A survey from researchers synthesizing work across dozens of visual generation models has built a clear catalogue of where today's AI image tools quietly fail. The images look beautiful. The underlying reality is absent. Ask a model to generate a completed jigsaw puzzle: the result is visually convincing but the pieces don't geometrically fit. Ask it to draw a metro map: the stops are in the wrong places for the routes to make sense. Ask it to simulate a fluid pouring: the physics is wrong. Ask it to apply consistent edits across ten rounds of conversation: each edit slightly corrupts what came before, like painting over a canvas that keeps changing while you're not looking. Think of someone who learned to paint entirely from photographs, never once picking up an object or watching water flow. The pictures look right. The physical understanding is missing. The survey team proposes a five-level framework for visual generation capability, from basic pixel generation all the way up to genuine 'world modeling' — where a system understands structure, physics, causality, and persistent state. Their honest assessment: even the best current systems sit around level three. They can follow instructions and context well. They cannot reason about what should physically happen next or maintain a consistent picture of the world across many edits. The catch here is structural: this is a survey, not a controlled experiment. The failures are demonstrated through expert-designed stress tests chosen specifically to expose weaknesses — not through a random sample of everyday prompts. The authors also argue that current benchmarks overstate progress because they measure perceptual quality (does it look good?) rather than physical coherence (is it actually correct?). That critique rings true, but a replacement benchmark that everyone agrees on does not yet exist.

Glossary

IoU — Already defined above — overlap score between predicted and actual regions.

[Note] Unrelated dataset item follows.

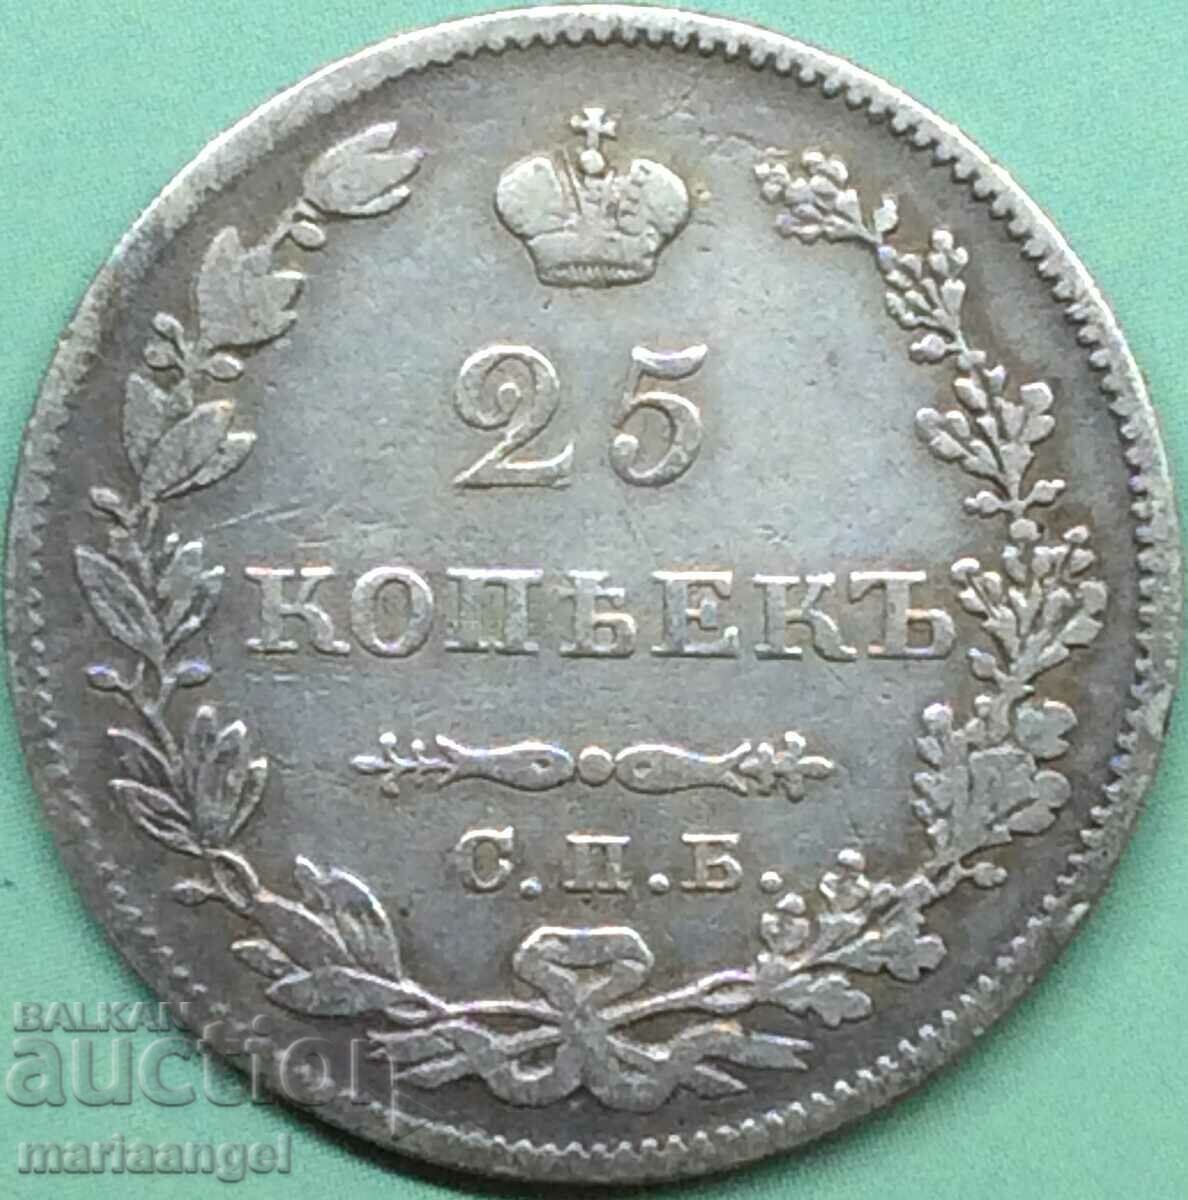 25 kopecks 1827 Russia Nicholas I 1825-1855 silver - rare

world modeling — The ability of an AI system to maintain an internal, consistent understanding of how the world works — including space, time, physics, and cause-and-effect — not just how things look.

Markovian drift — A pattern where each new edit to an image only uses recent context, causing small errors to accumulate and corrupt the overall result over many steps.

Source: Visual Generation in the New Era: An Evolution from Atomic Mapping to Agentic World Modeling

The bigger picture

Three different scales, one recurring pattern. Today's papers are all about the gap between what AI appears to be able to do and what it can actually be trusted to do when the consequences are real. Medical AI can describe a chest finding fluently but can't reliably locate it. Image generators produce physically impossible scenes with complete visual confidence. AI agents trained on clean, labeled examples fail to hold up across the long, messy sequences that real computer work requires — which is why one team is now building synthetic reality at scale just to generate better training data. The surface capability arrived before the underlying understanding. AI got very good at producing plausible output before it got good at grounding that output in something real. The synthetic computers paper is the most explicit attempt here to close that gap by engineering the messy context AI has been missing. Whether more data and more simulation is enough — or whether the architecture itself needs to change — is the question that connects all three stories and that nobody has answered yet.

What to watch next

The medical AI audit is particularly timely: both the US FDA and the EU AI Act are actively working on how to classify and regulate AI tools used in clinical settings, and 'grounding failures' of exactly this kind are what regulators are trying to catch. Worth watching for any response from the model developers named in the paper. On the synthetic computers front, the team has released data publicly — look for follow-up benchmarks from other labs in the coming months that will tell us whether the training gains hold up outside the original evaluation.